Ari felt angry for not understanding sooner. She felt like pacing, like raging out. “Our baby won’t have those terrible realities poised over their head. I will not rest until—”

Gwen took her arm. “It’s okay, Ari. Everything we’ve done this past year… losing each other and then Kay… well, she will not grow up under Mercer’s control.”

“She?” Ari asked.

Gwen nodded. “Mother’s intuition.”

Ari didn’t say anything, but she hoped Gwen was right. According to Morgana and Merlin, King Arthur’s progeny, especially the boys, tended to cause far more trouble than they were worth. Of course, this child wasn’t Ari’s on a strictly genetic level. Was that enough to avoid the retelling of Arthur’s death at the hand of his son?

Mordred.

What a frigid name.

“You said ours,” Gwen murmured, pulling Ari close by the arm, interrupting her doomed thoughts. “You said our baby.”

“That’s presumptuous, I know—”

Gwen stopped her lips with a kiss that was so soft and sweet, Ari couldn’t help but glow with joy—as if that door had been thrown open and now the sunlight was just pouring in.

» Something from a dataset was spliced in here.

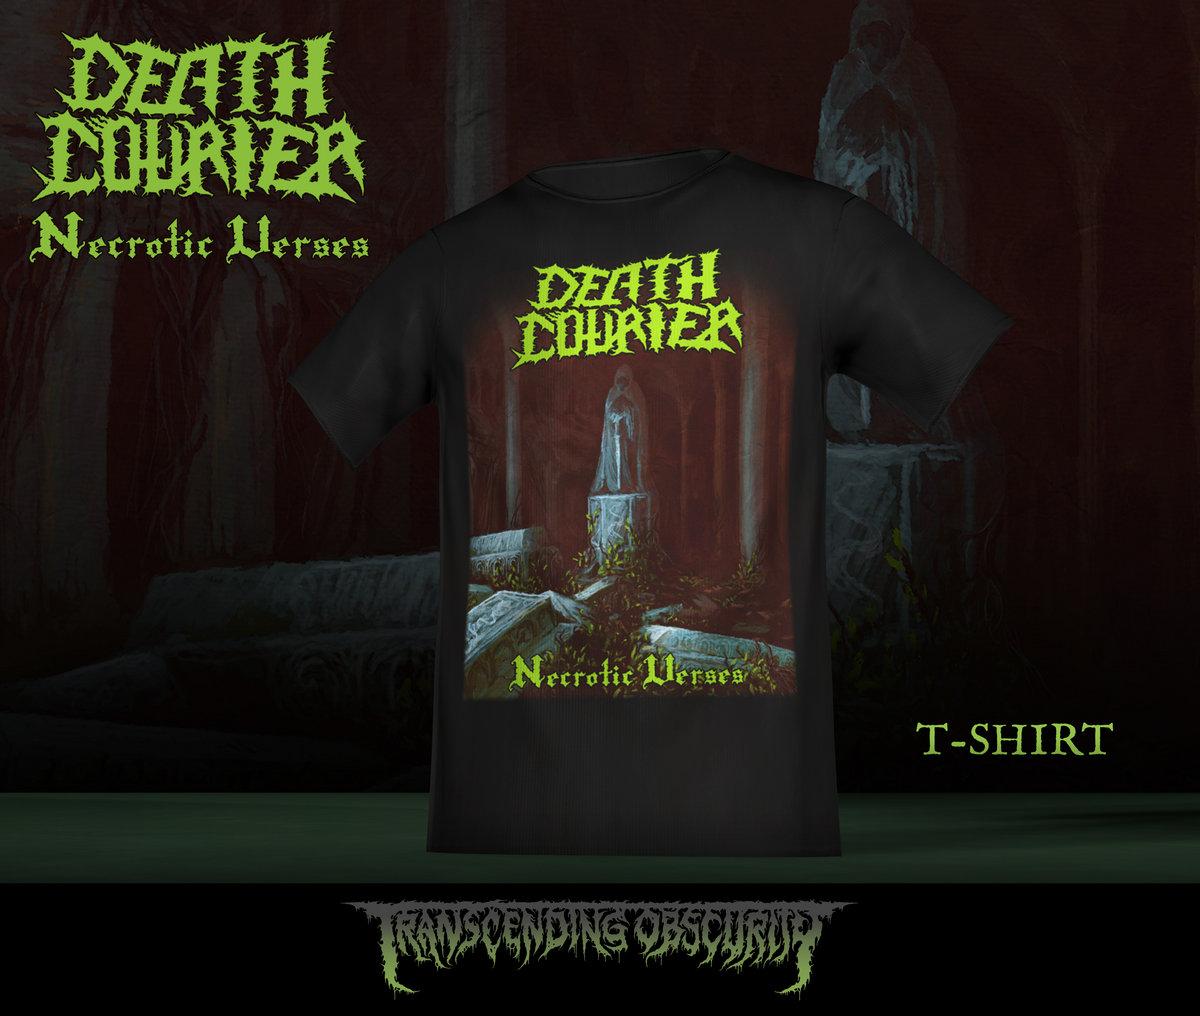 DEATH COURIER Album Artwork T-shirt (Limited to 30 nos.)
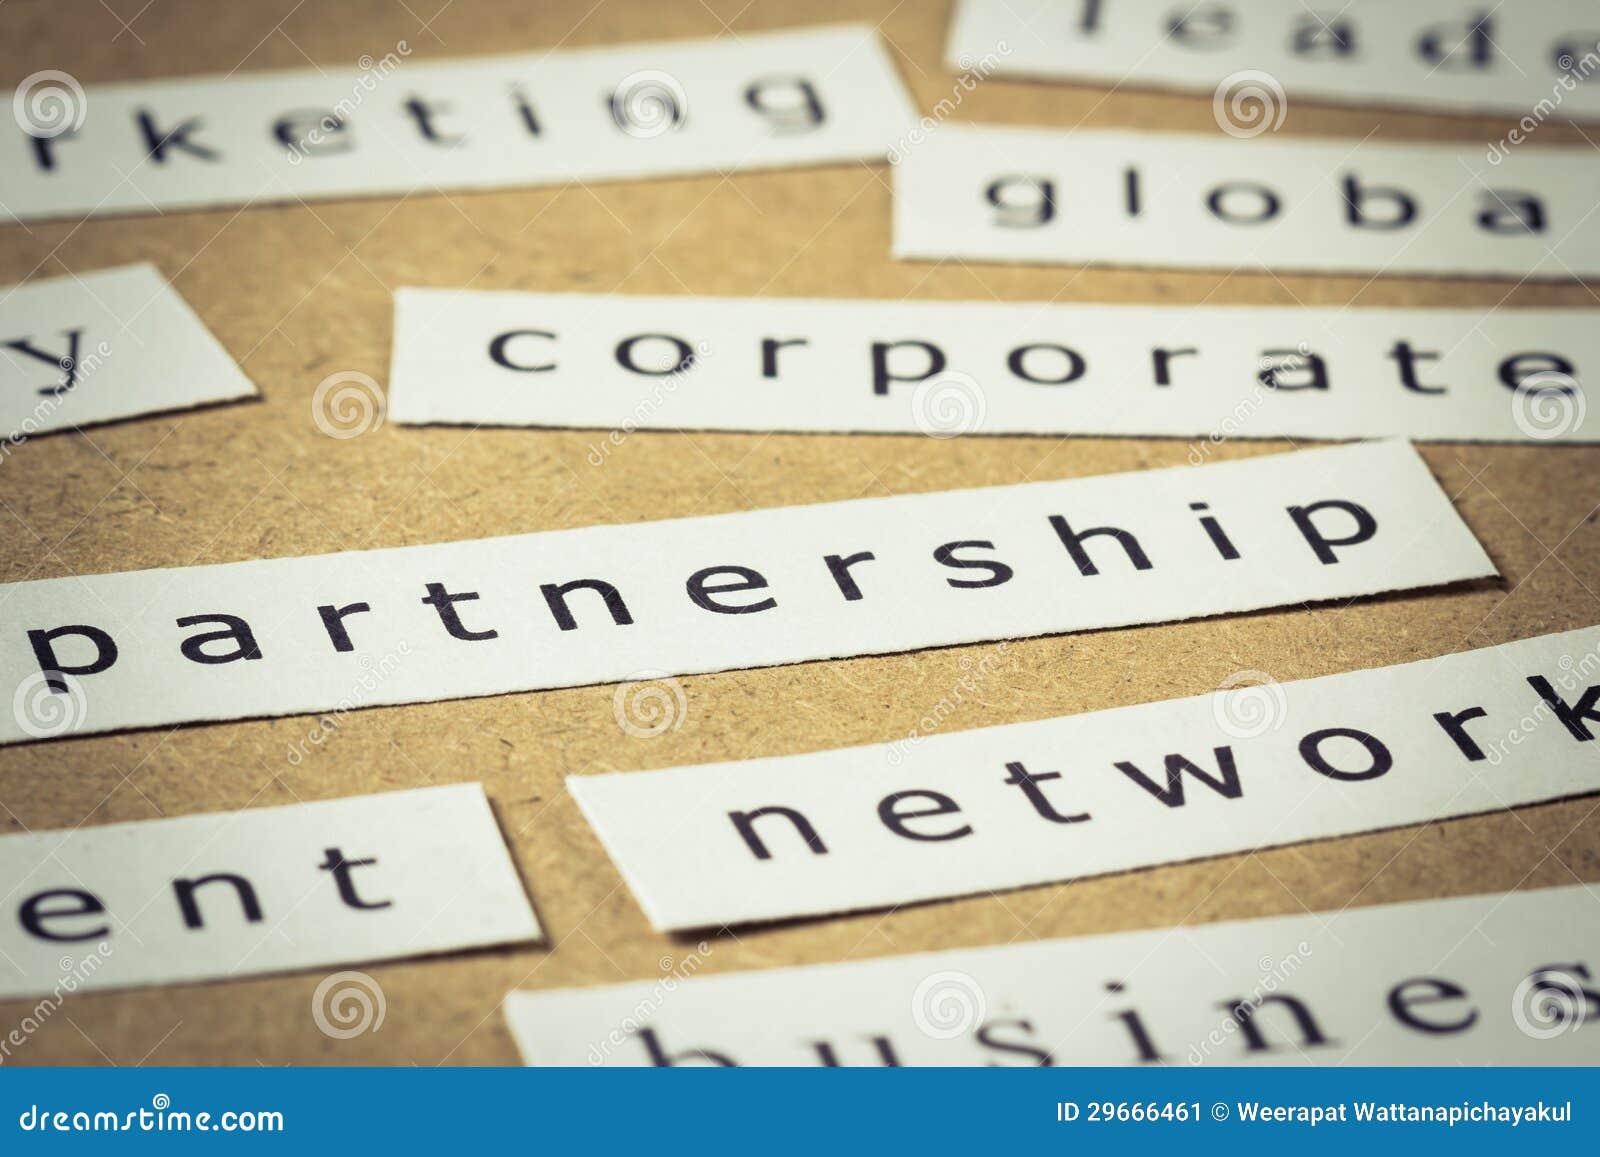 Partnership paper

Her moms made their way over, asking with all the subtle patience of a hungry taneen if they were going to be grandparents. When Gwen said yes, Mom roared with Big Mama levels of excitement, while Captain Mom wept.

Lastly, Ari took her friends to Ras Almal in the capital city of Omaira. She brought them to the huge amphitheater where the seven founding families of Ketch once met to discuss Mercer, their planet, their galaxy.

“I made this,” Ari said, slightly bashful as she pointed to the center of the large room. “Well, I had a lot of time on my hands the last time I was here.”

Merlin’s eyes nearly popped. “It’s a…”

“Round table,” Ari said, brushing sand off the stones she’d cut and hauled into place with her own hands, one brick at a time. “When I first heard about King Arthur, I thought this bit was the shining jewel of hypocrisy. How could there be one true king who then gave everyone an equal voice? Then, when I was here with so much time on my hands to think things through, I realized that humanity will never give people an equal voice. It’s not in our nature. That’s why King Arthur had to decree it.”

Merlin’s eyes stung with unbottled tears.

“Are you all right, old man?” Ari asked, smiling and slapping his back.

Merlin started up a low chant of sorts. “Find Ari. Train Ari. Nudge her onto the nearest throne. Defeat the greatest evil in the universe. Unite all of humankind. I’ve never been this close to completing it.”

“Will you stop aging backward if we sort this out?”

He opened his mouth, but then shut it. “I have absolutely no idea,” Merlin said. Ari wondered if he was waiting for some kind of great clicking, a way of knowing that this was over. “I’ve always believed that when this was through, I would stop aging backward. Recently I’ve learned that there might be… other factors at play.”